I'm an Australian citizen and recently I decided to move back to Manila to be with my partner. I have been here since OCT 2015 and I decided to stay here till we get her visa sorted out.

But I heard a rumor that "apparently" I can get fined for staying out of Australia for more than one year? Is this true? If not who should i call to confirm this? I have been searching online for answers but nothing is coming up.

Also I am a Dual-Citizen of the Philippines.

Thank you!


----------



## JandE (Jul 17, 2015)

Sengco said:


> G'day!
> 
> I'm an Australian citizen and recently I decided to move back to Manila to be with my partner. I have been here since OCT 2015 and I decided to stay here till we get her visa sorted out.
> 
> ...


There are a lot of us who spend over a year or so out of the country, never been fined yet though.
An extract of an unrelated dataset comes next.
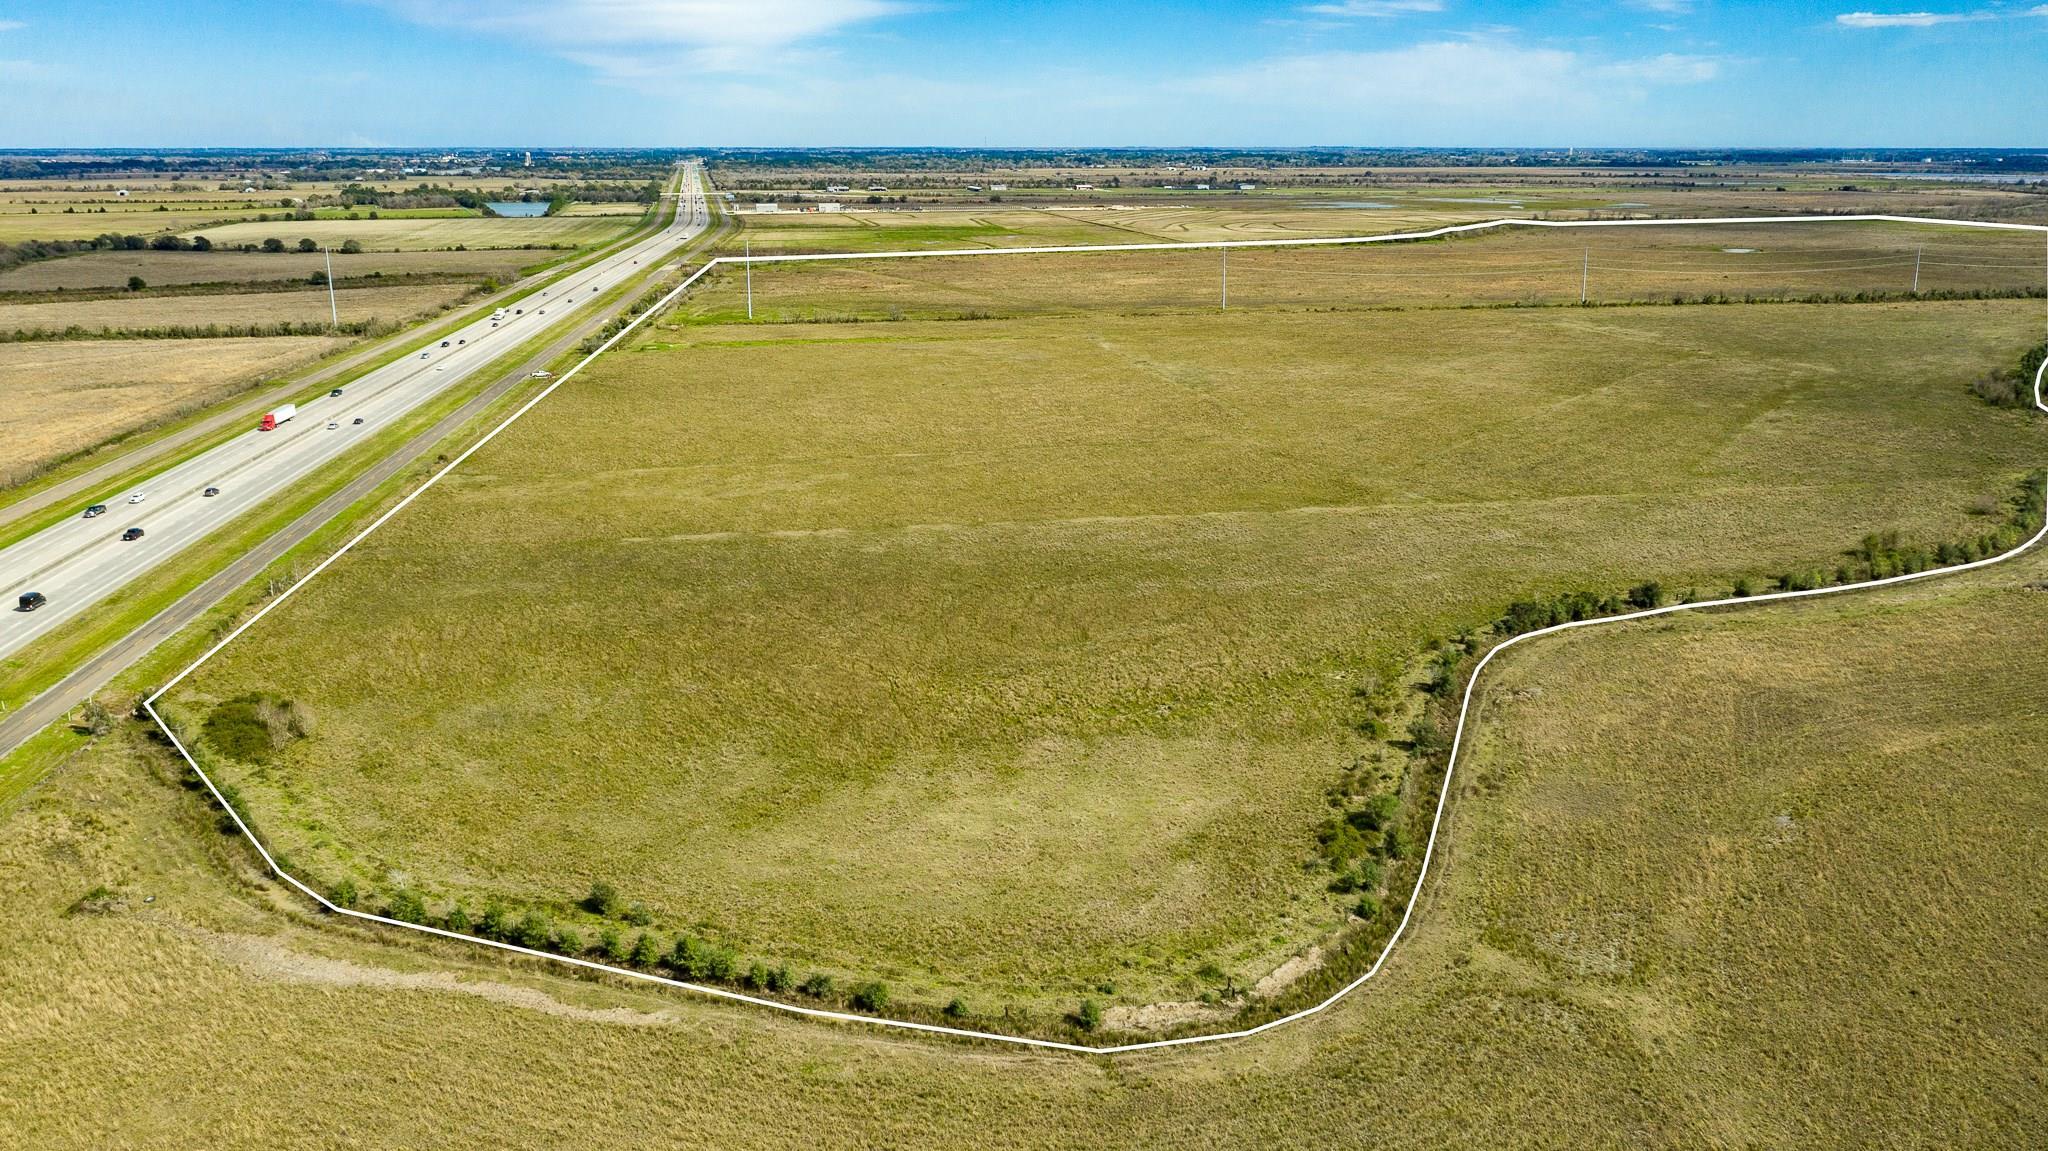 000 E Interstate 10 Property Photo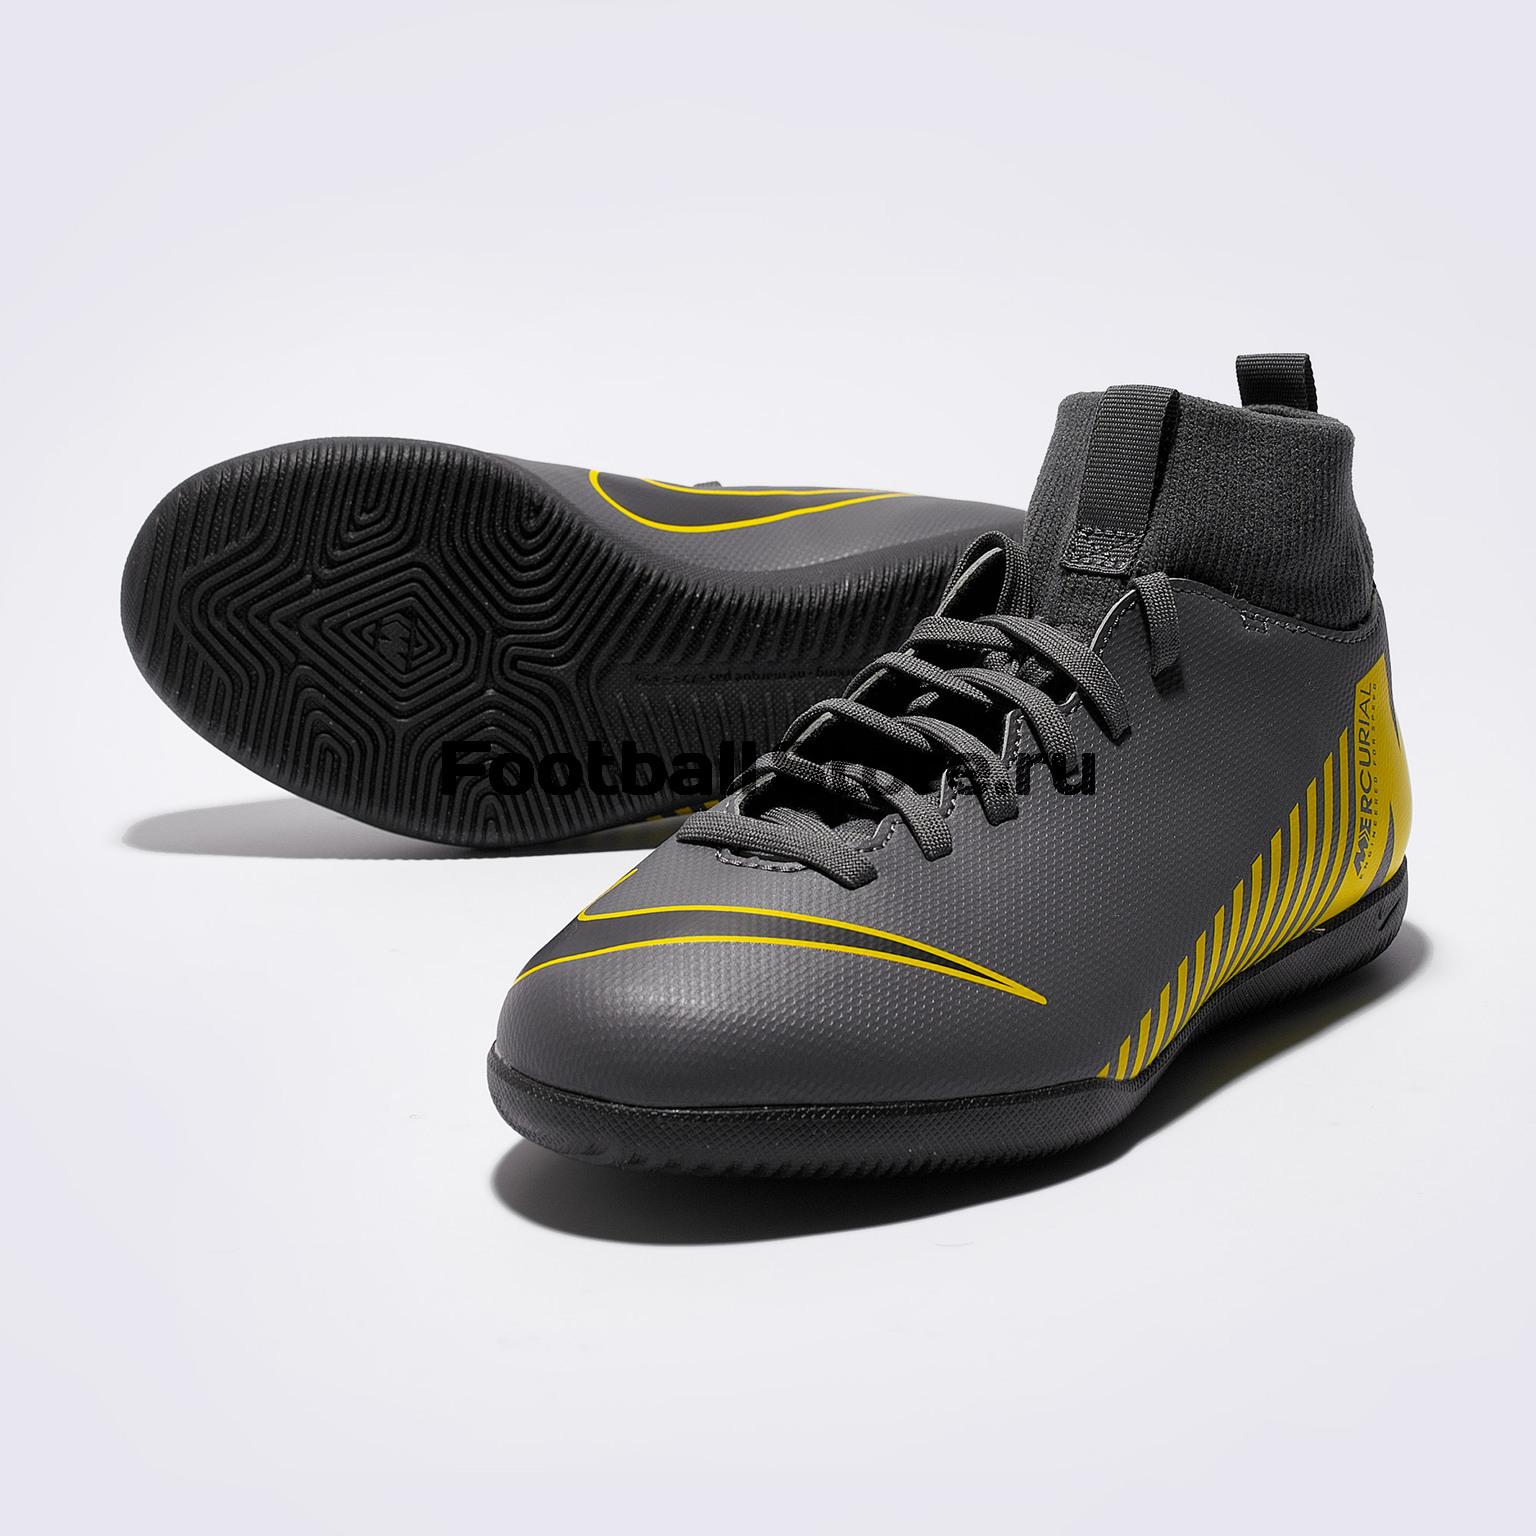 1c4eb55a Футзалки детские Nike Superfly 6 Club IC AH7346-070

Maybe someone is pulling your leg.

I was out for a year earlier, and no trouble going back.


----------



## maryannfarrugia (Jul 27, 2015)

No of course, but if you commit anything in Australia before you go to Philippines thats another thing mate haha.


----------



## chickensgirl76 (Jan 6, 2016)

I hope not I've been out for 13yrs and I'm going back...LOL oh no!!!


----------



## andymark (Apr 11, 2017)

No. My friend is out of Australia for more than 6 consecutive years now.


----------